Data extract
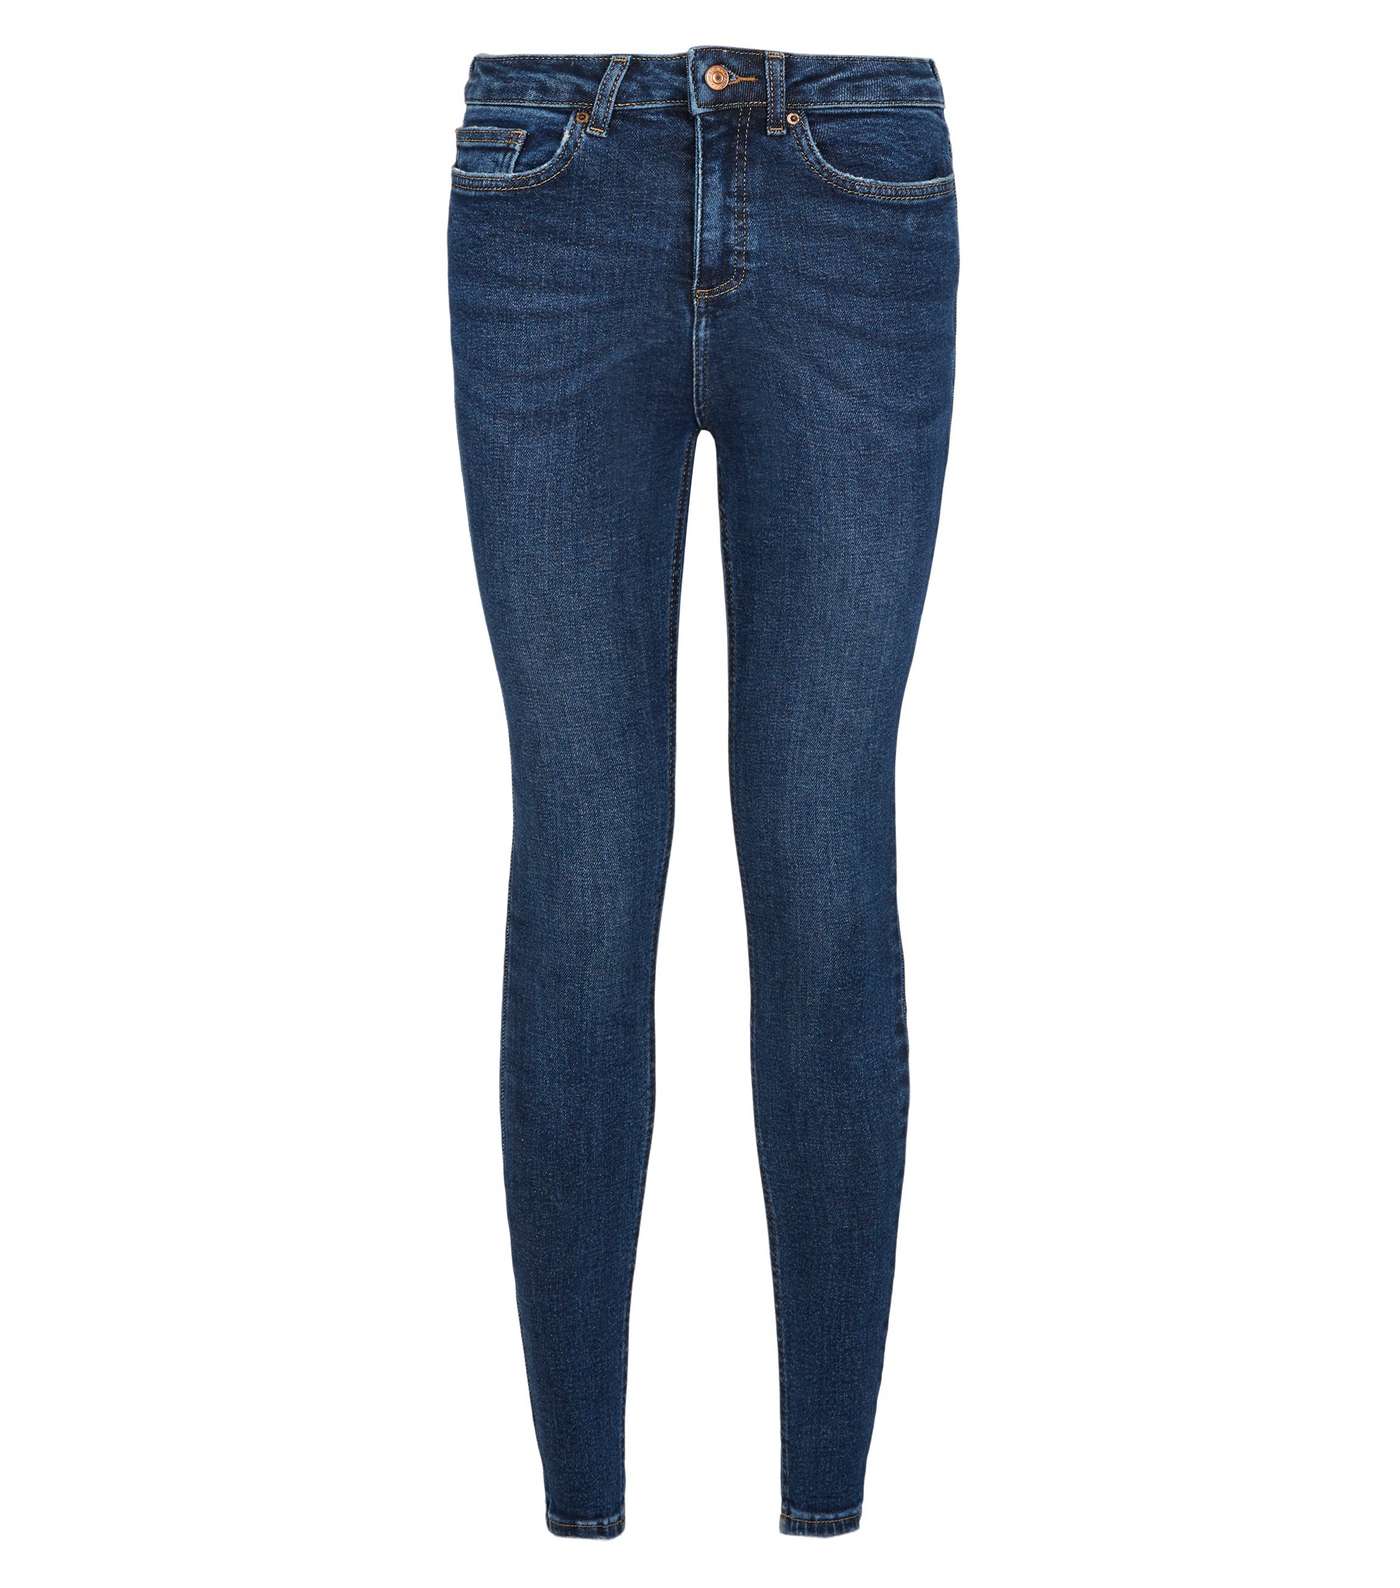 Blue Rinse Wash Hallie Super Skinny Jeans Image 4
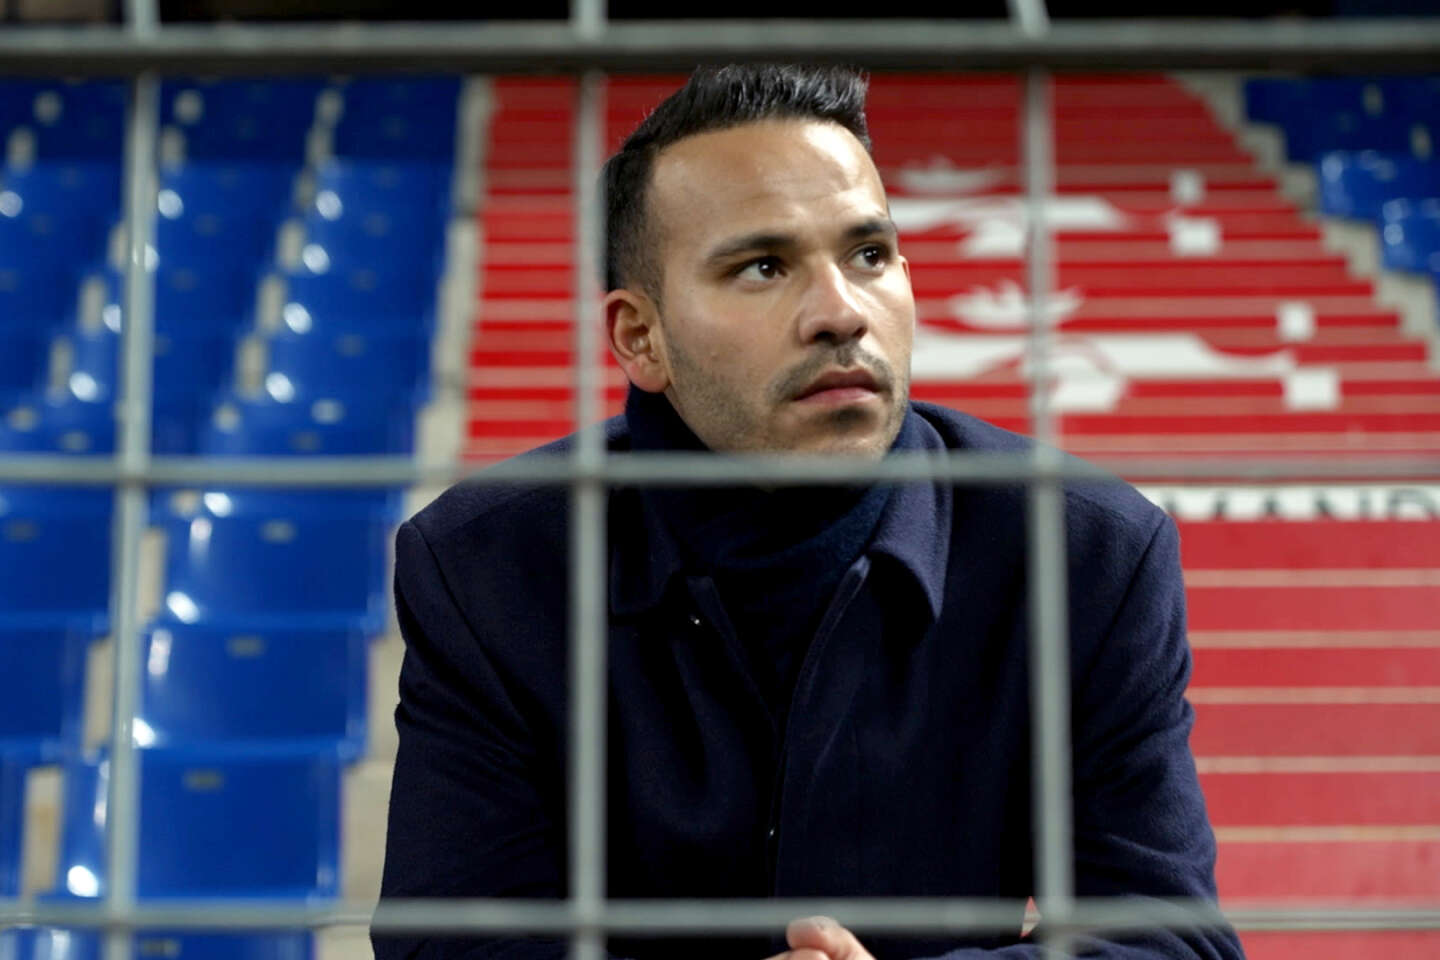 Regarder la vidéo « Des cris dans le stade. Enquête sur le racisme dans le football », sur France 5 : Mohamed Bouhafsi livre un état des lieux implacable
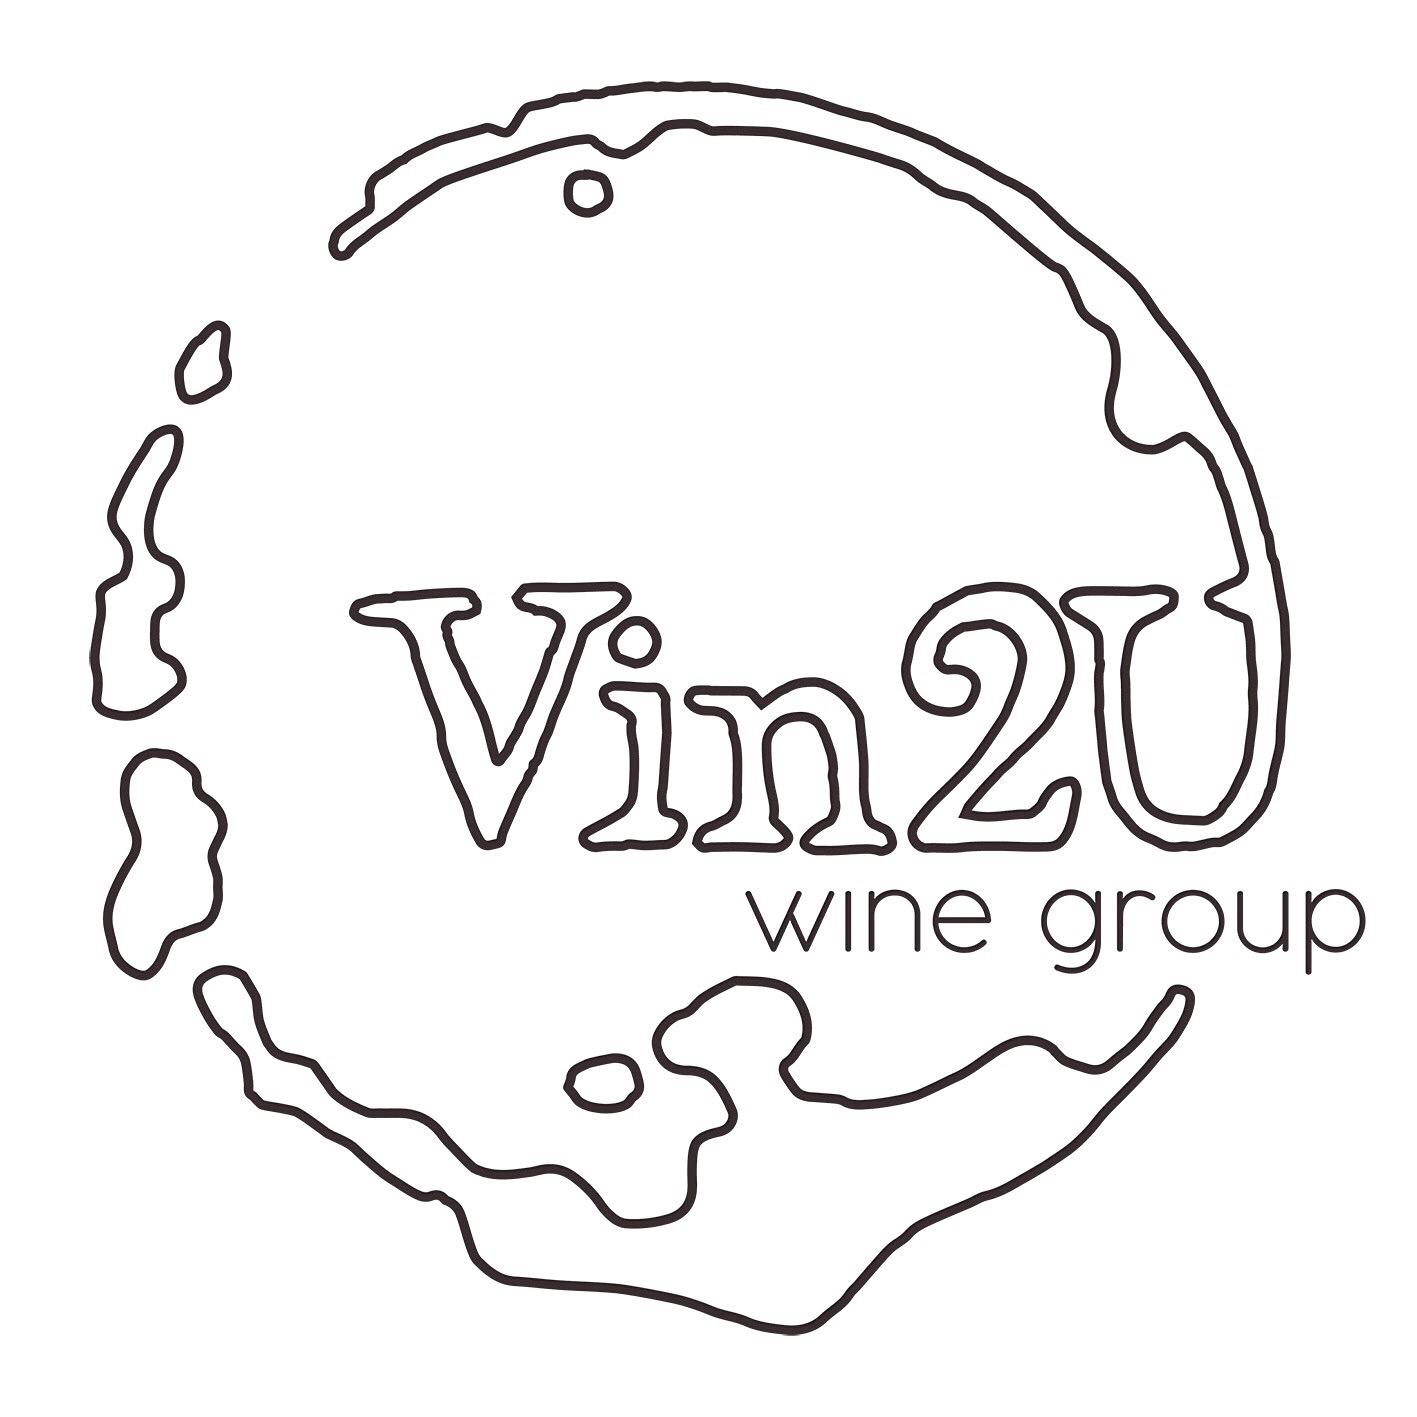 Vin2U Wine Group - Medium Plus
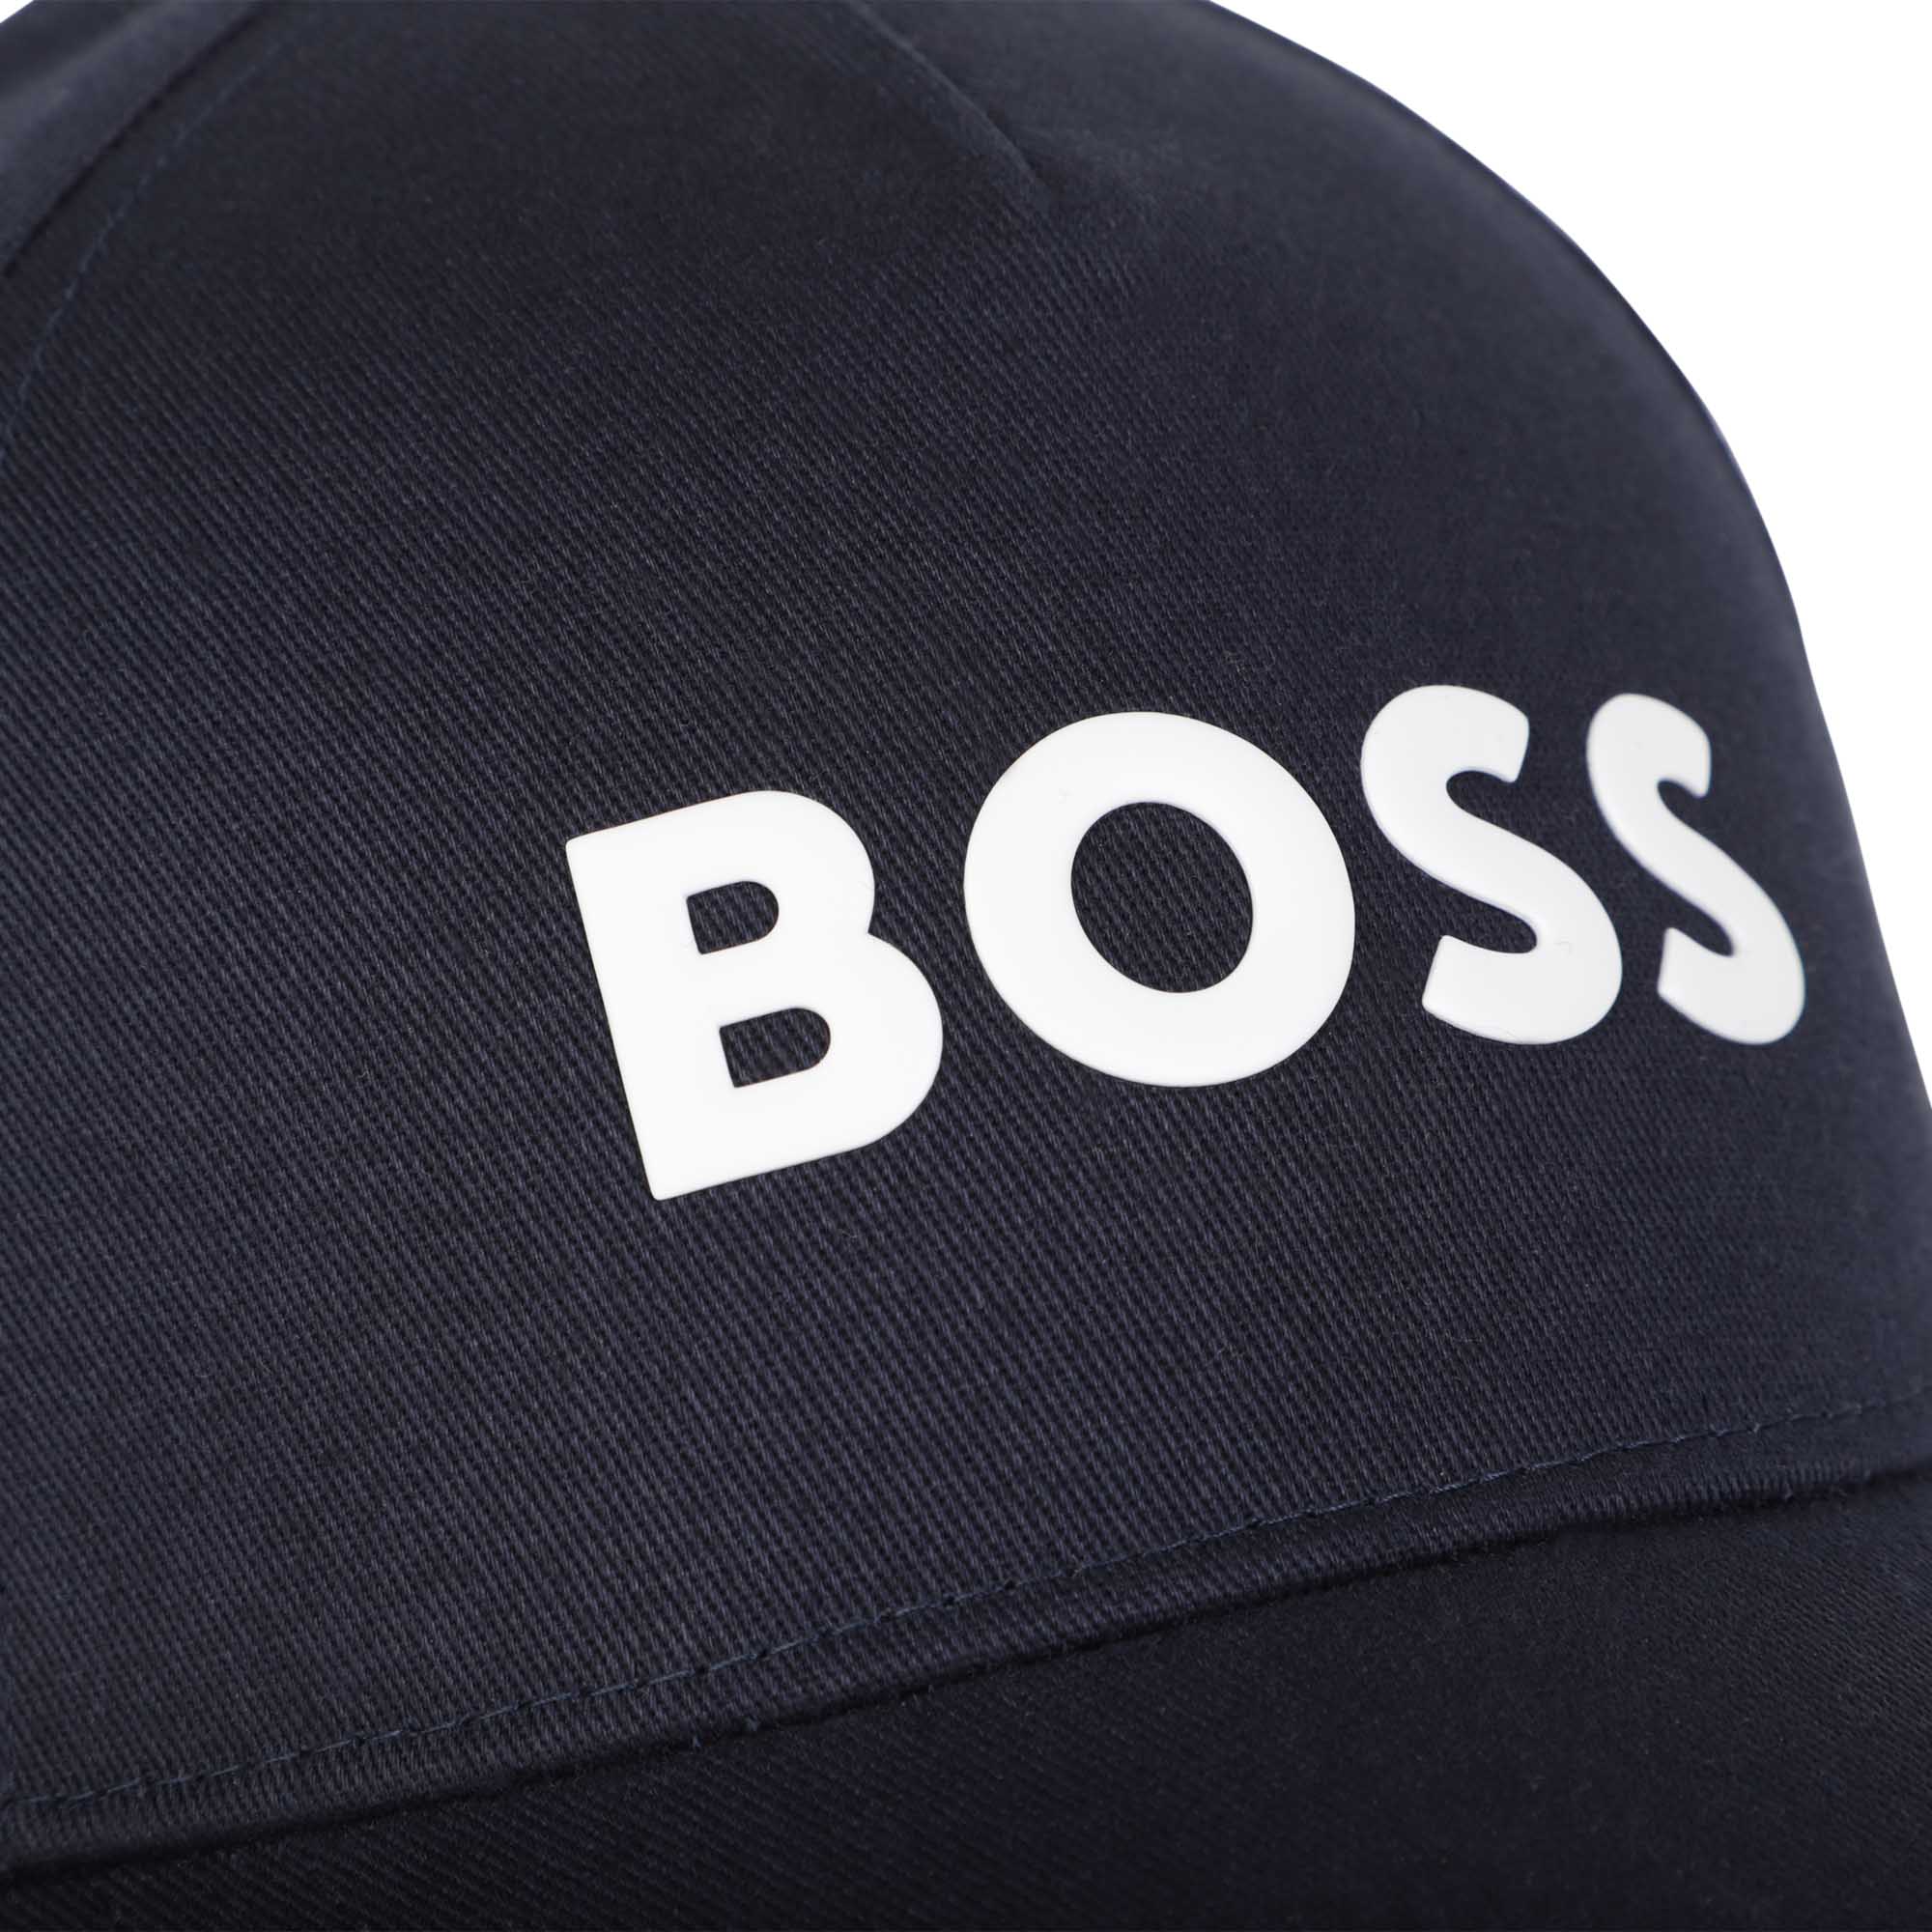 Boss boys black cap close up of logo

Assigned task
Reproduce exactly the lines from the one with "Vin2U Wine Group - Medium Plus" to the bottom of the listing, both ends included, and nothing else. Skip the pictures.

Task result
 Vin2U Wine Group - Medium Plus
 Boss boys black cap close up of logo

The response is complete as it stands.